Let $r$ be a natural number. The elements of the free group $F_r$ on $r$ generators have a nice concrete description as "words" in the $r$ generators (and their inverses). I'd like to know if there is anything analogous for its profinite completion.
Namely, let $\hat{F}_r$ be the free profinite group on $r$ generators. Then $\hat{F}_r$ contains the free group $F_r$ as a dense subgroup, and every element of $\hat{F}_r$ can be written as an infinite product $\prod_{i=1}^\infty x_i$ where each $x_i \in F_r$ and the $x_i$ tend to $1$ in the profinite topology.

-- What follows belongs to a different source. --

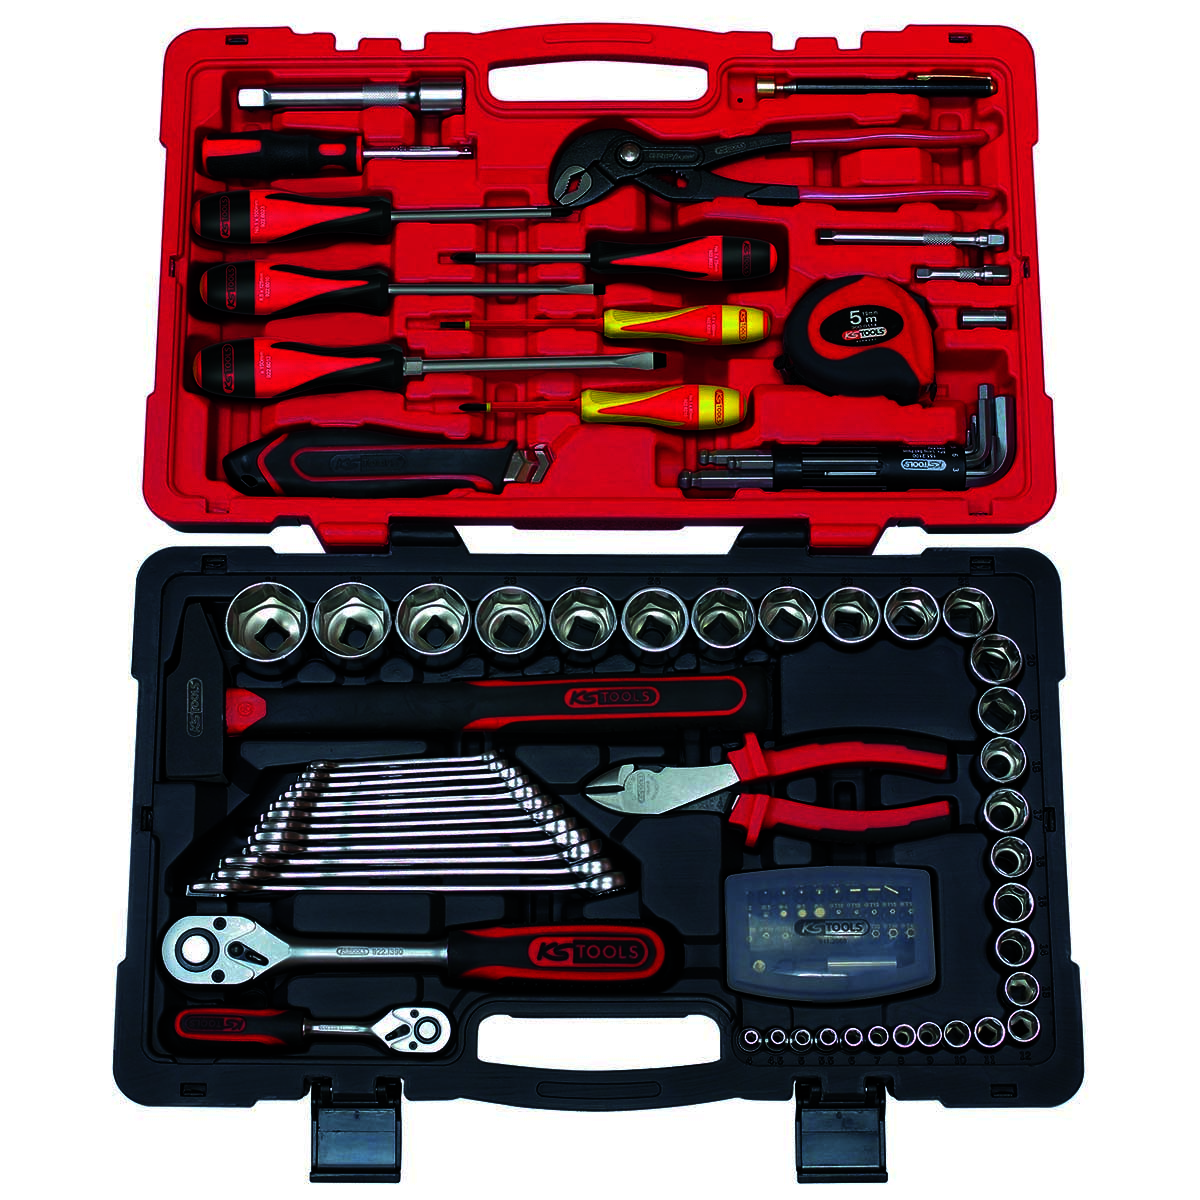 Coffret Outillage Ultimate 922.0701-A1, Ks-tools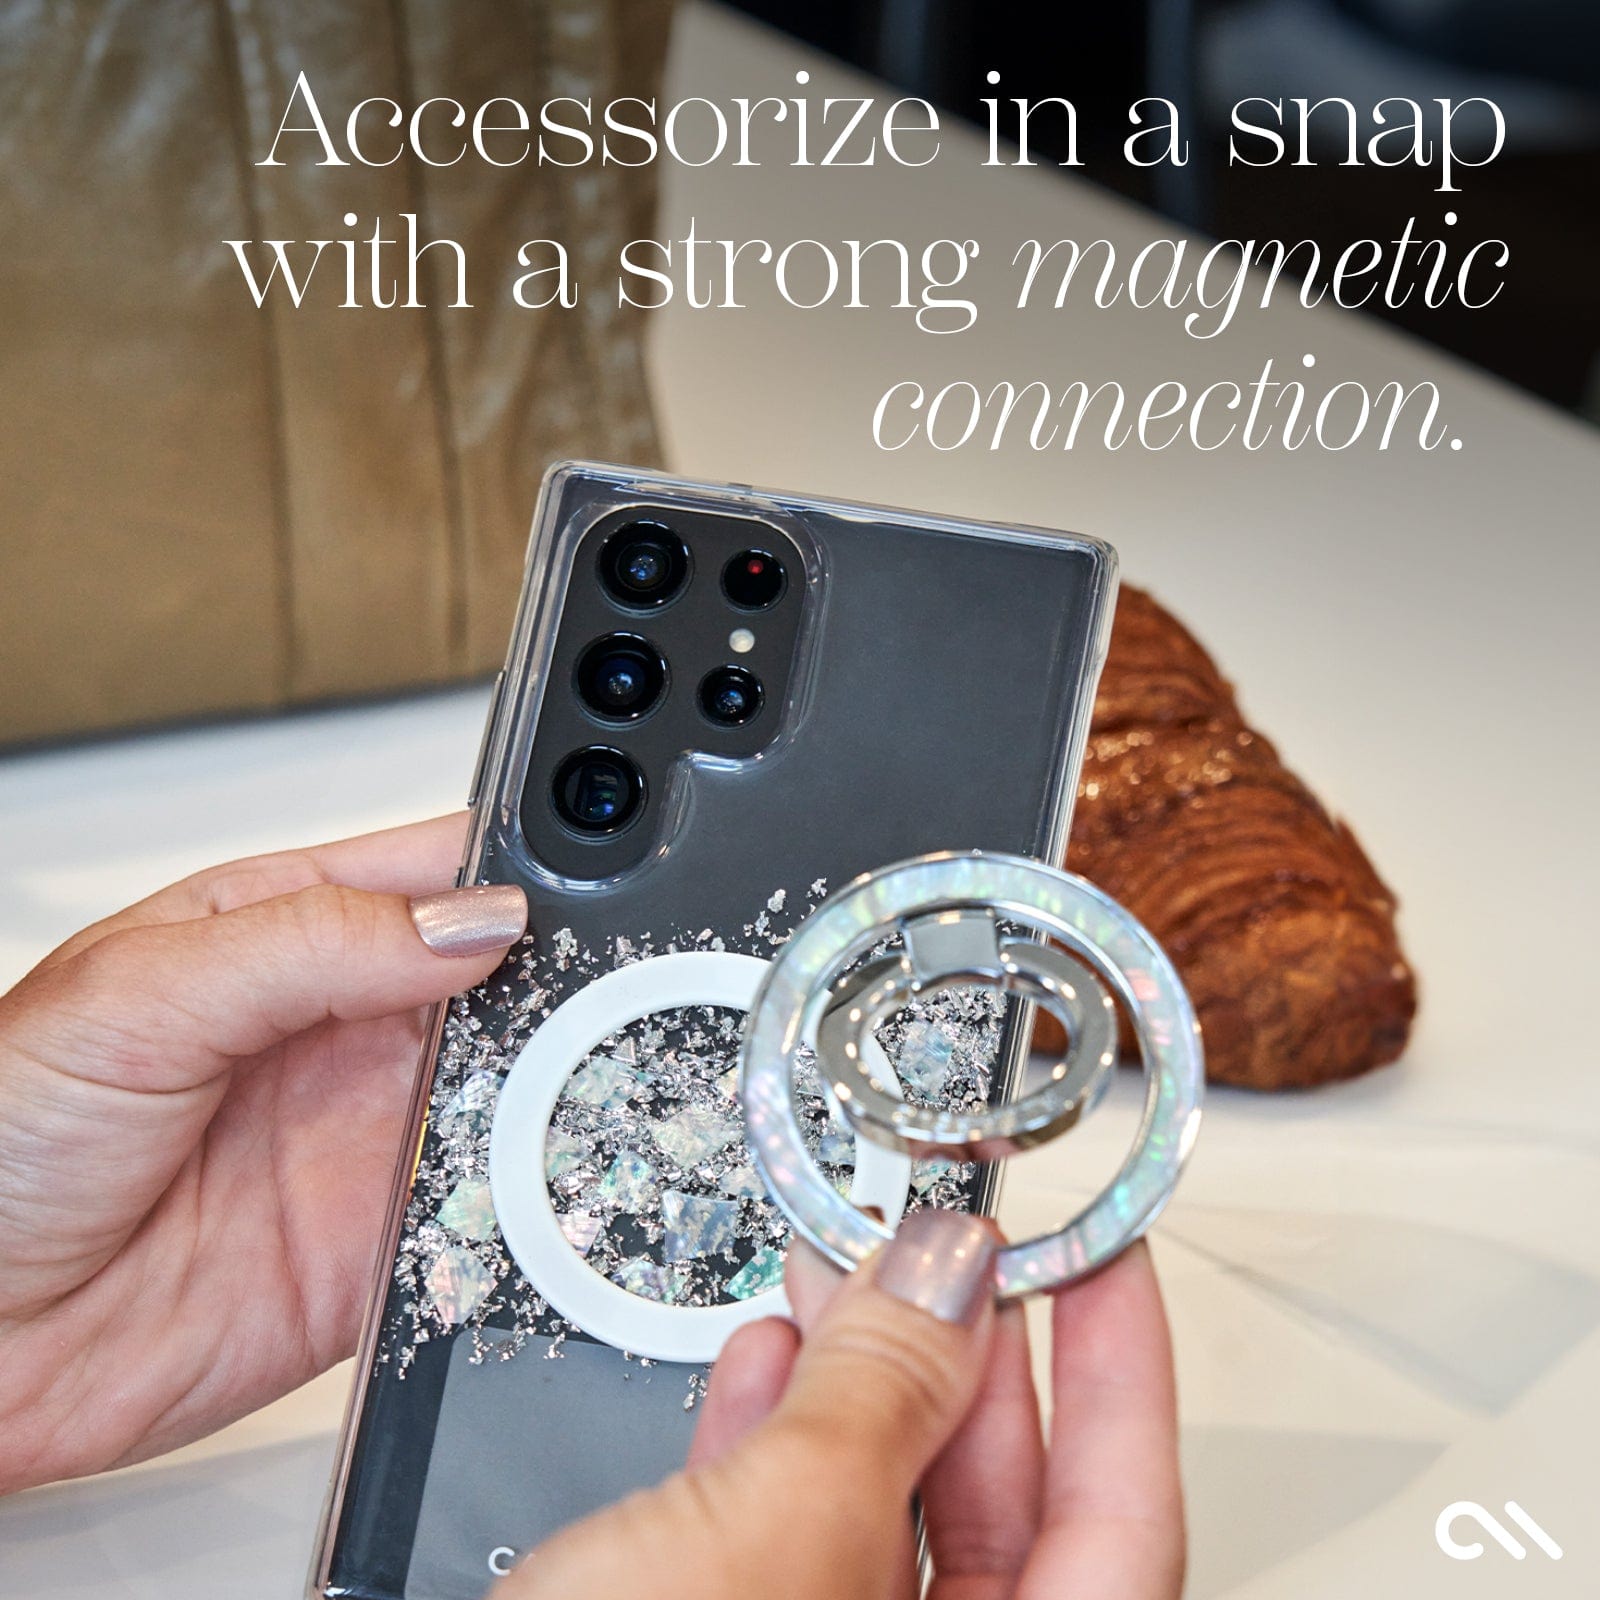 ACCESSORIZE IN A SNAP WITH A STRONG MAGNETIC CONNECTION

In other words, we can arrange that $x_i \to 1$ in the following sense: for every $N$, the $x_i$ have the property that almost all of them are mapped to $1$ by every homomorphism $F_r \to G$ where $G$ is any group of cardinality $\leq N$ (for $i \gg 0$, depending on $N$). This suggests a natural descending filtration on $F_r$ via the intersection of the kernels of all maps $F_r \to G$ where $|G|\leq N$. Given a nice description (e.g., generators) of the elements in this filtration, one would have a somewhat explicit procedure of describing elements in the profinite completion via "infinite" words.
There are some natural elements in filtration $N$ in $F_r$, namely the $c(N)$th powers where $c(N)$ is the least common multiple of $\{1, 2, \dots, N\}$.
Question: Is the $N$th filtration in $F_r$ generated by the $c(N)$th powers? That is, if $a \in F_r$ is an element that goes to $1$ in every finite group of cardinality $\leq N$ a (finite) product of $c(N)$th powers?
Question${}^\prime$: If the above is too much to expect, are the two possible filtrations on $F_r$ above at least "commensurable"?